Benchmark performance and real-world performance diverge significantly. Frontier models score 85-95% on standard benchmarks, making differentiation difficult. Distribution mismatch, benchmark saturation, and the contamination problem (where benchmarks appear in training data) all mean that evaluation must extend beyond published benchmarks to task-specific, real-world data to inform deployment decisions.

Safety and Compliance

Without explicit safety evaluation, harmful capabilities can remain undetected in production systems. The EU AI Act, US Executive Order on AI, and sector-specific regulations now mandate rigorous evaluation documentation and performance guarantees. Evaluation is essential for demonstrating reasonable care, due diligence, and compliance with emerging regulatory frameworks.

Taxonomy of Evaluations

Evaluation varies along multiple critical dimensions. Understanding these dimensions is essential for designing evaluations that match your specific needs and inform the right decisions.

Intrinsic vs. Extrinsic

Intrinsic evaluation measures model capabilities in isolation using benchmarks and standardized tests. It's fast, reproducible, and excellent for early-stage capability assessment and model screening. Extrinsic evaluation measures performance in real-world applications, capturing task-specific success and business outcomes. It's slower and more expensive but provides the strongest signal for deployment decisions. Best practice: combine both—use intrinsic for rapid iteration, extrinsic for final validation.

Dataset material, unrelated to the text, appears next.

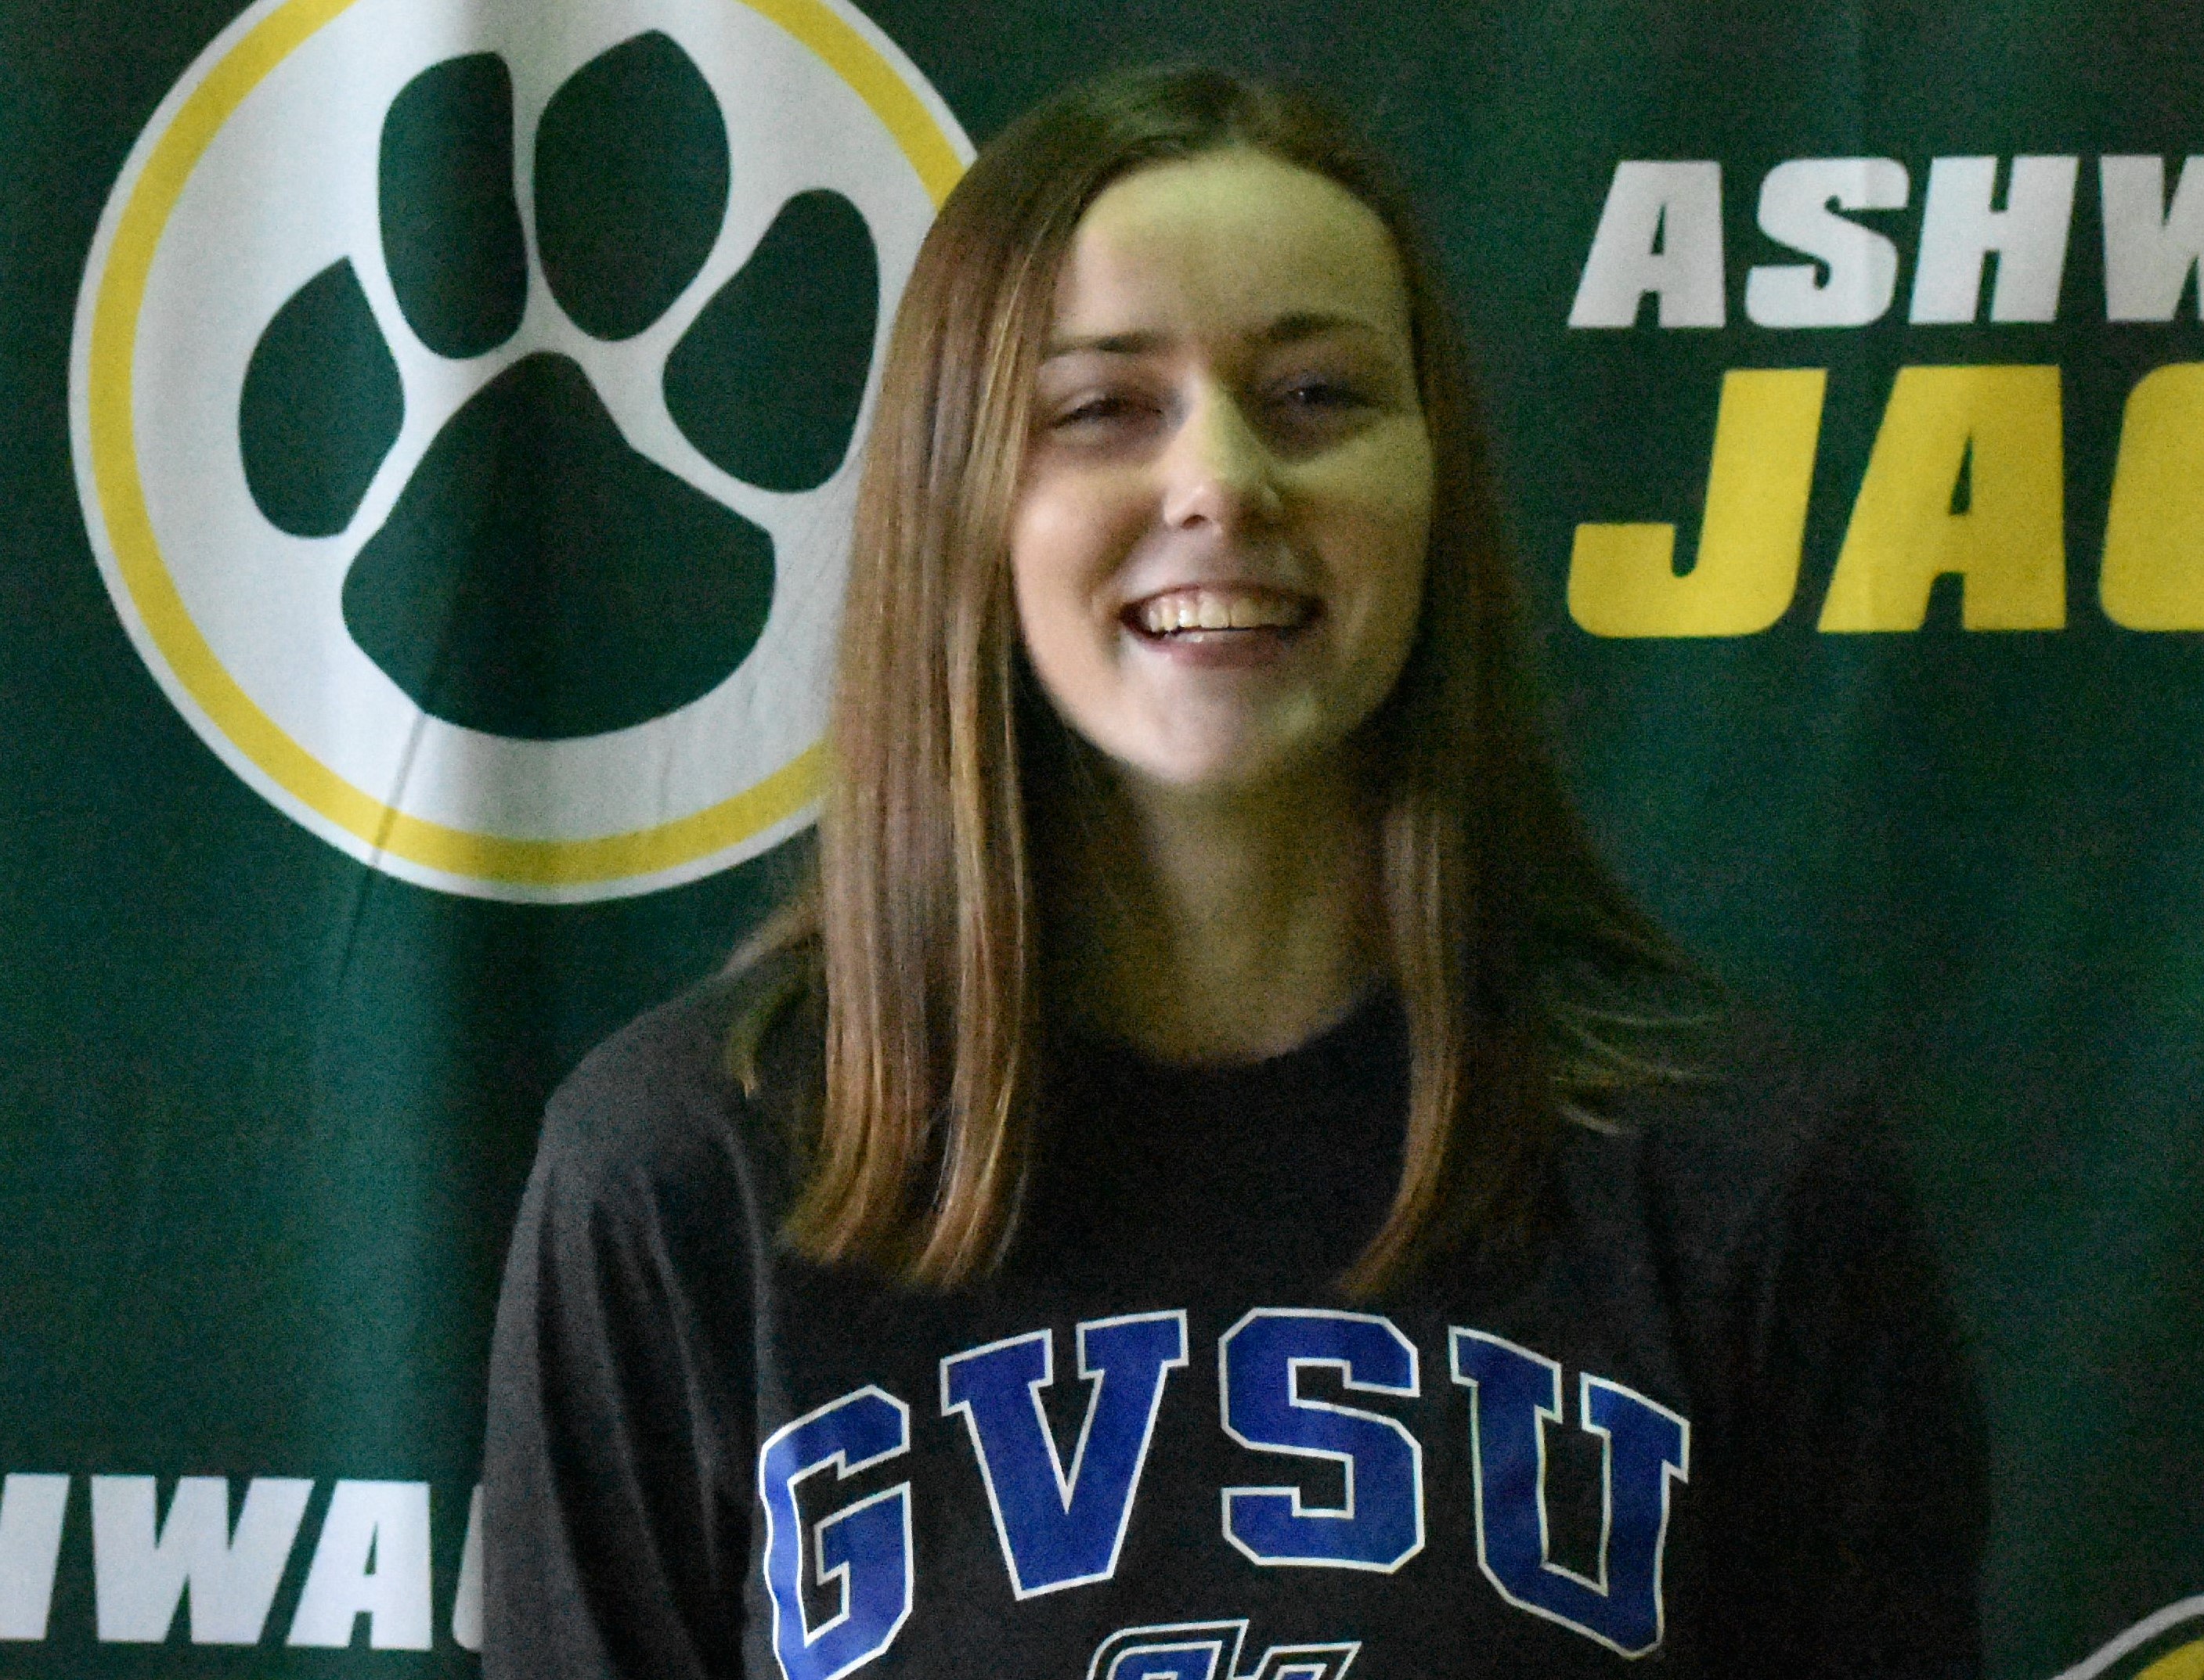 Wagner signs with Grand Valley State

Automated vs. Human Evaluation

Automated metrics like BLEU, ROUGE, and BERTScore are fast and scalable but often misaligned with human judgment. Human evaluation has the best correlation with user experience but is expensive and slow. Hybrid approaches combine both: use automated metrics for screening, then human annotators for high-uncertainty or high-stakes cases.

Static vs. Dynamic vs. Live Benchmarks

Static benchmarks (MMLU, HumanEval) provide reproducible, comparable results but are vulnerable to contamination and saturation. Dynamic benchmarks generate fresh evaluation tasks, reducing contamination risk. Live benchmarks (Chatbot Arena) evaluate on real user queries, providing the strongest signal but with annotation quality variation.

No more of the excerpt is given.